In 2009 the federal government launched a strategy to “protect and advance
Canadian interests related to the oil sands," fearing that growing protest
could curb European investment in the industry and that EU restrictions on
tar sands imports could be mimicked globally.

“Oil sands are posing a growing reputational problem [in Europe], with the
oil sands defining the Canadian brand,” states one document released under
the Access to Information Act. “Canada’s reputation as a clean, reliable
source of energy may be put at risk.”

Led by the Department of Foreign Affairs (DFAIT), alongside Natural
Resources and Environment Canada, the Albertan government, and involving
eight foreign missions, a European “Oil Sands Team” has gone on the
offensive against threats to the tar sands: they have monitored green
groups, responded to “significant negative media coverage,” helped Canadian
policymakers lobby European parliamentarians and organize trips to Alberta,
worked to “enhance cooperation” with oil companies, and coordinated regular
meetings between top European oil executives and Albertan and federal
ministers, including Prime Minister Stephen Harper.
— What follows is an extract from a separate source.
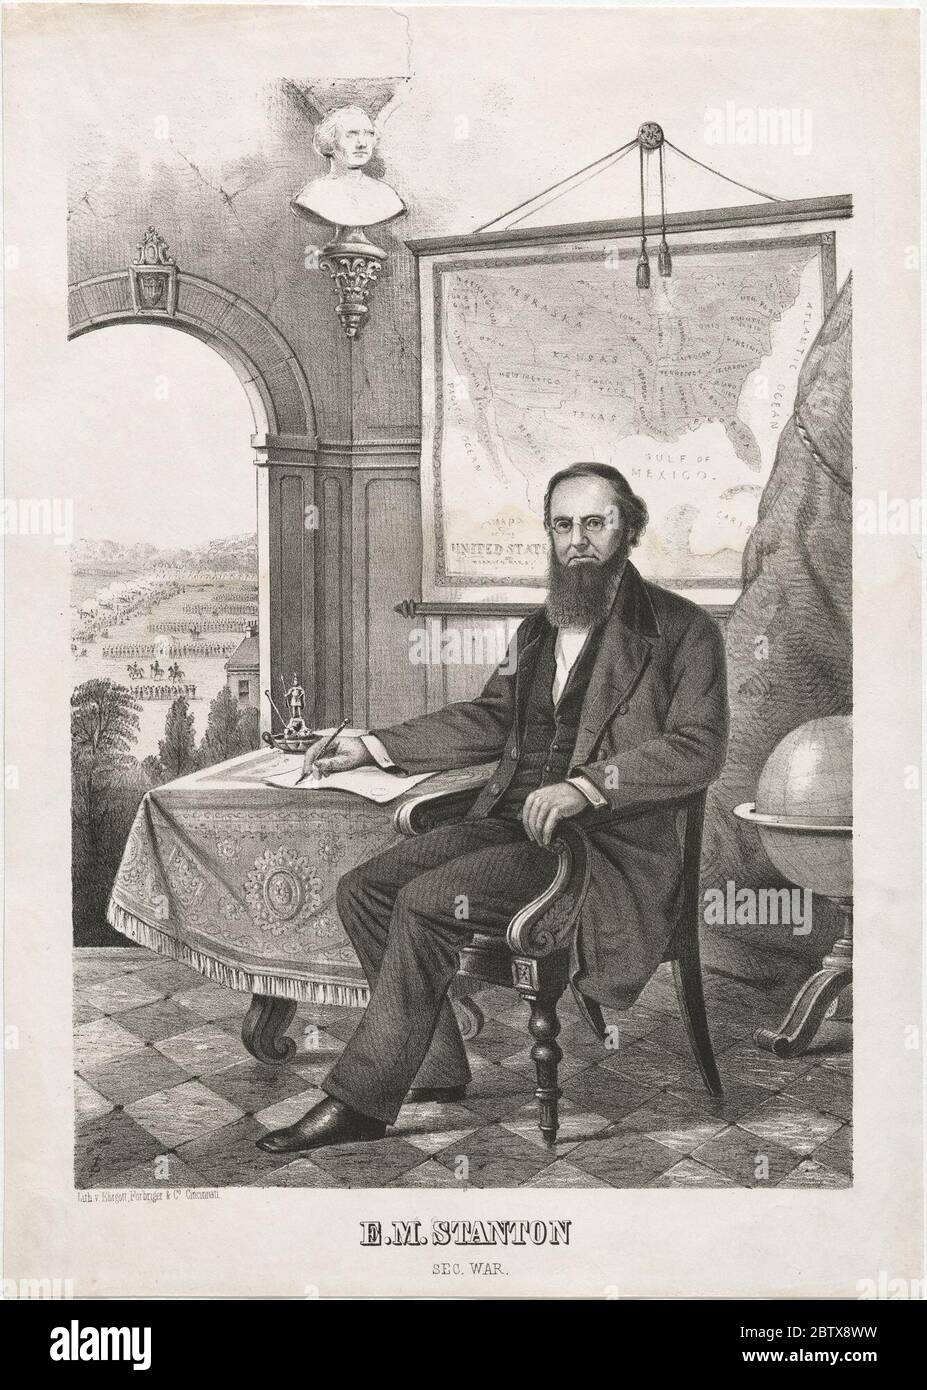 Edwin M. Stanton. Geboren Steubenville, OhioDieses Porträt von Edwin Stanton wurde von Ehrgott & Forbriger als Teil einer Druckgraphik-Serie veröffentlicht, die an politische Persönlichkeiten der Vereinigten Staaten auf dem Höhepunkt des Bürgerkriegs erinnert. Stockfoto

The “pan-European oil sands advocacy strategy” was launched in December 2009
around the time of the United Nations climate negotiations in Copenhagen.
Hundreds of civil society groups there gave Canada a “Fossil of the Year”
award for being "the absolute worst country at the talks," fingering a
powerful tar sands industry as the driving force behind Canada’s hardline
stance against ambitious greenhouse gas reduction targets.

The extraction of Alberta’s vast deposits of bitumen, which hold the second
largest supply of oil after Saudi Arabia, has been widely criticized as the
world’s most environmentally destructive and carbon-intensive industrial
project.

One of the main targets of the strategy has been a EU energy law—the Fuel
Quality Directive—that would slap a dirty label on tar sands oil as a way of
promoting cleaner transportation fuel in Europe.

Europe does not import tar sands oil from Canada, but Canadian policymakers
are worried <http://thetyee.ca/News/2010/10/20/EuropeDecidesFate/> a measure
categorizing tar sands oil as an undesirable fuel could spread to other
continents. With the Albertan fossil fuel industry—and supportive provincial
and federal governments—increasingly looking to Asian markets to sell their
crude such precedents would spell trouble.

The obtained documents further reveal that the diplomatic campaign by the
Canadian government to “prevent discriminatory treatment of the oil sands
under the EU Fuel Quality Directive” was much more co-ordinated than
previously understood.

The mission in Brussels took the lead: lobbying the European Commission,
engaging in “regular information sharing with industry,” organizing
“high-profile events,” and Ministerial visits. The mission provided
“reporting with intelligence, analysis and advice” to the Canadian and
Alberta governments while the larger Oil Sands Team played a “very useful
coordination mechanism” in the campaign.

They appear to have been so
aggressive<http://www.theglobeandmail.com/report-on-business/industry-news/energy-and-resources/ottawa-fights-eus-dirty-fuel-label-on-oil-sands/article1958987/>that
a European parliamentarian told the Globe and Mail in March that
Canada’s lobbying had been “unacceptable.”

The Canadian government was also concerned that a dirty label on the tar
sands could galvanize pressure to curb investment by European companies who
have been subject to increasingly noisy environmental campaigns calling for
divestment.

With the end of cheap, easily accessible oil, European oil giants have
scampered to extend their lifespans by turning to unconventional gases and
investing billions in the Alberta industry.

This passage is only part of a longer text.